Reproduce the entire listing exactly as written, apart from its pictures.
(Collected material Opens)
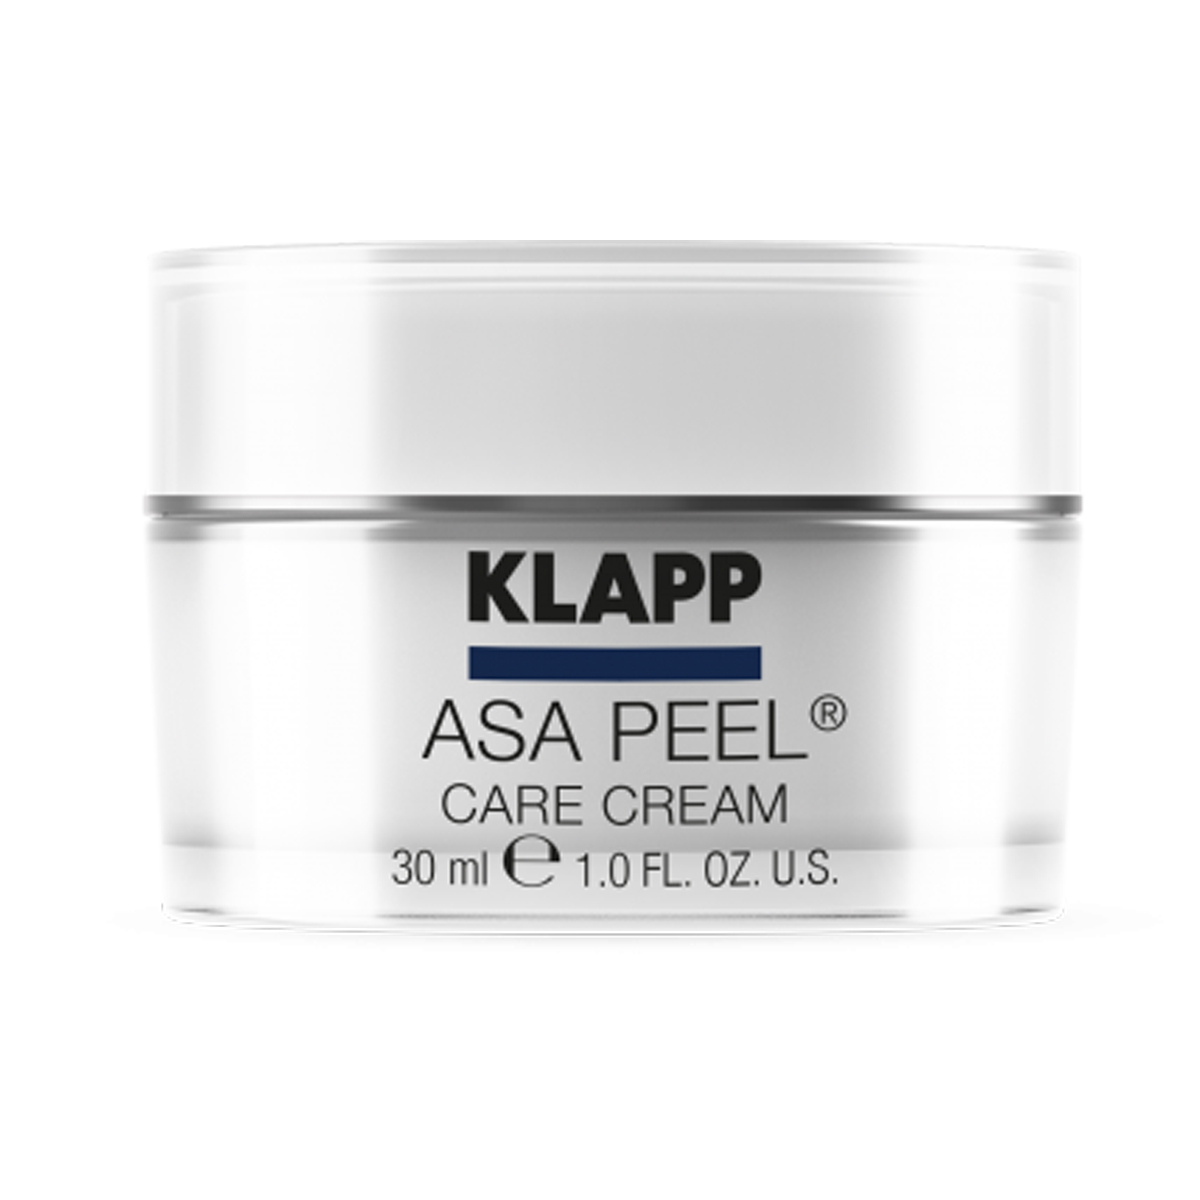 KLAPP Asa Peel ® Care Cream Mit Fruchtsäure 30 ml
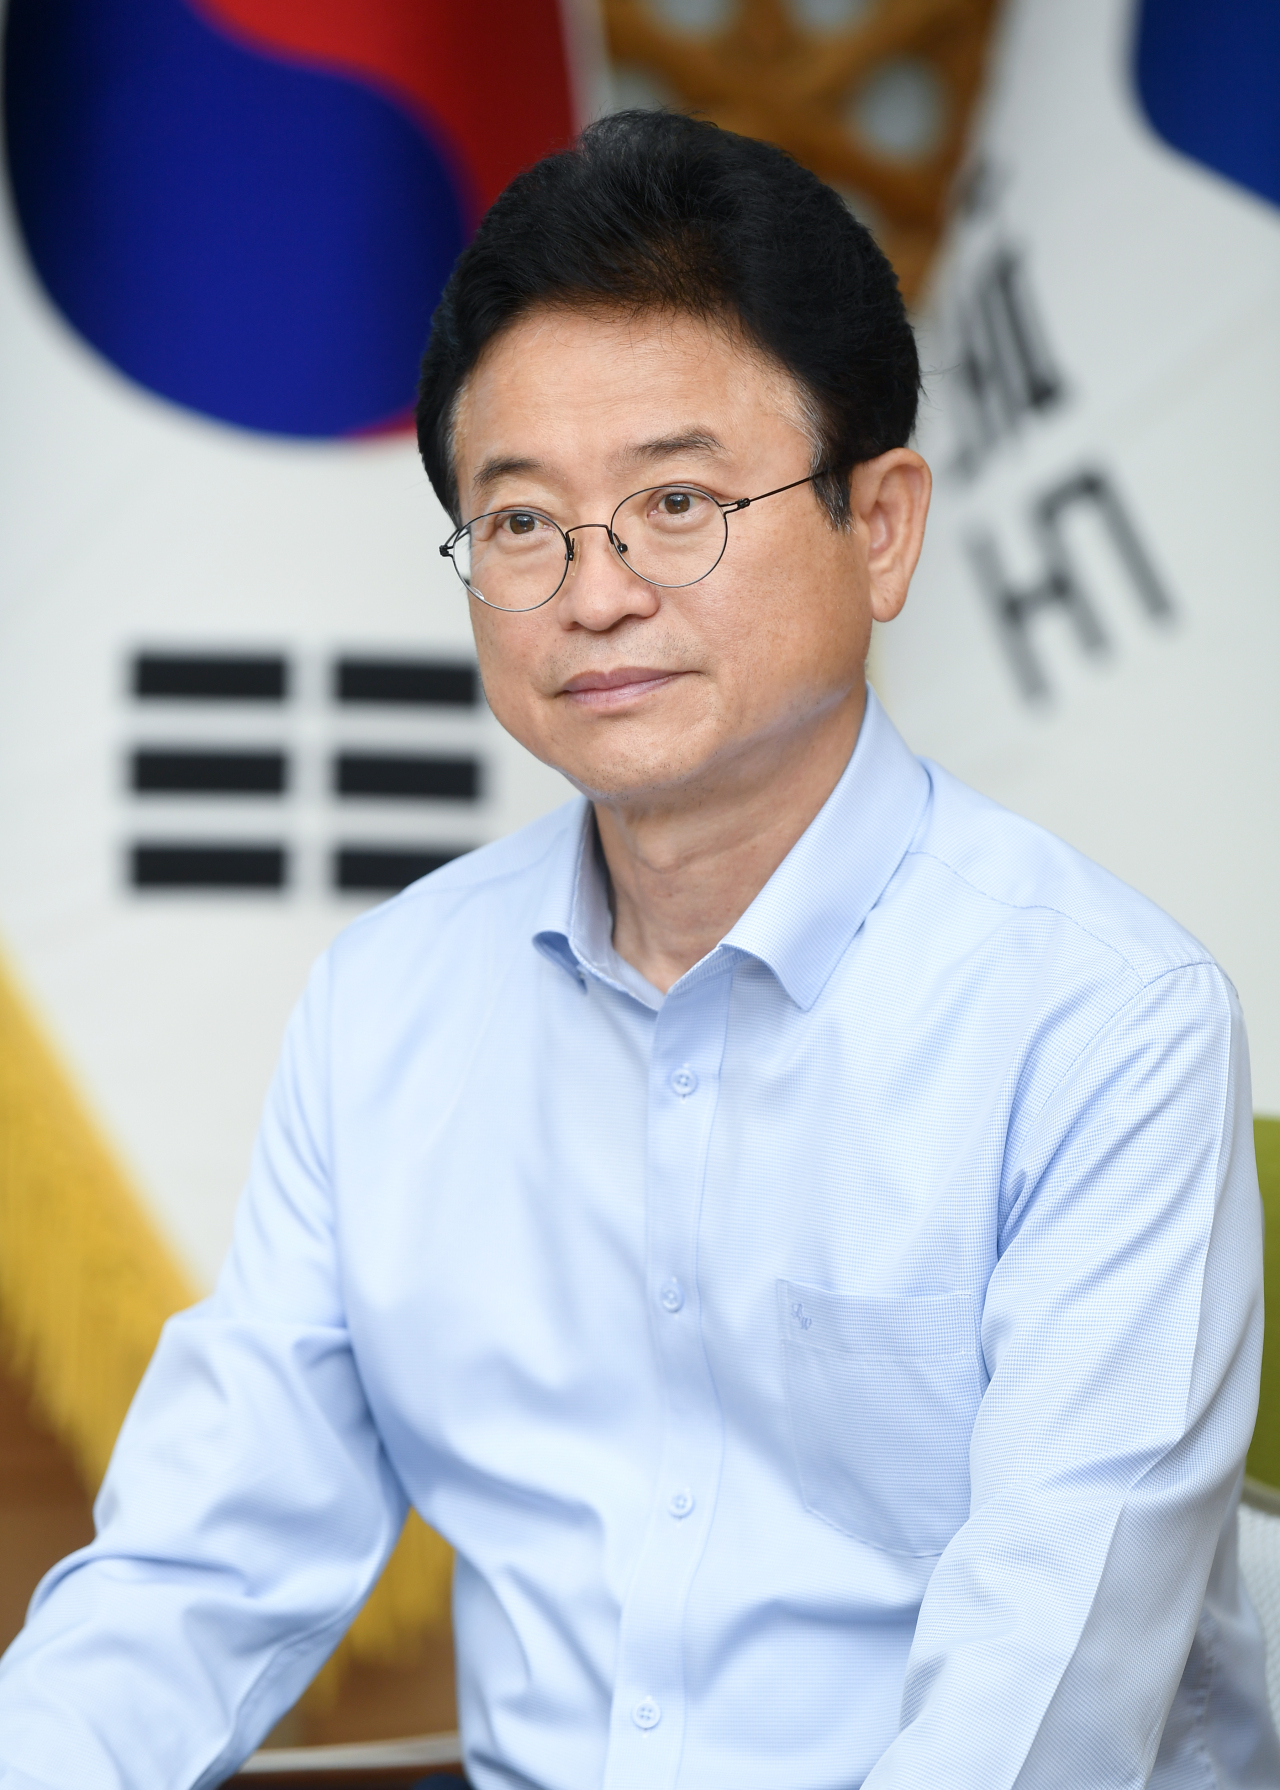 Lee Cheol-woo, governor of North Gyeongsang Province (North Gyeongsang Province government)
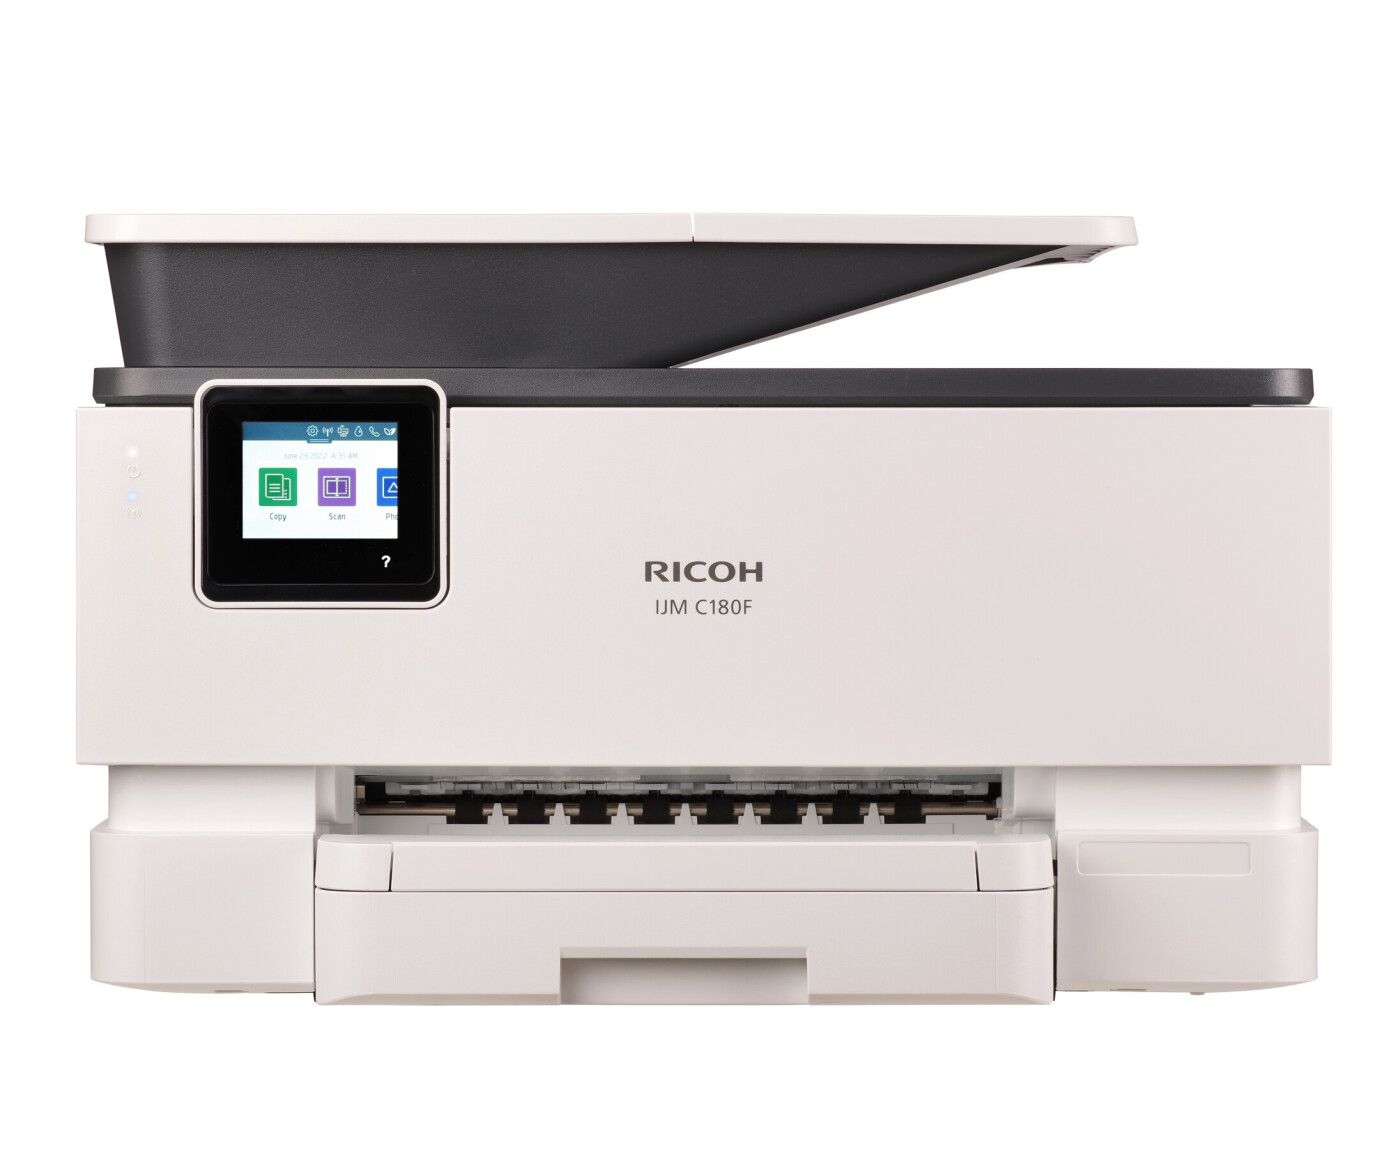 Vorschau: Ricoh IJM C180F 4-in-1 Multifunktionsdrucker
(Collected material Closes)
• [Your solution]:
 KLAPP Asa Peel ® Care Cream Mit Fruchtsäure 30 ml
 Lee Cheol-woo, governor of North Gyeongsang Province (North Gyeongsang Province government)
 Vorschau: Ricoh IJM C180F 4-in-1 Multifunktionsdrucker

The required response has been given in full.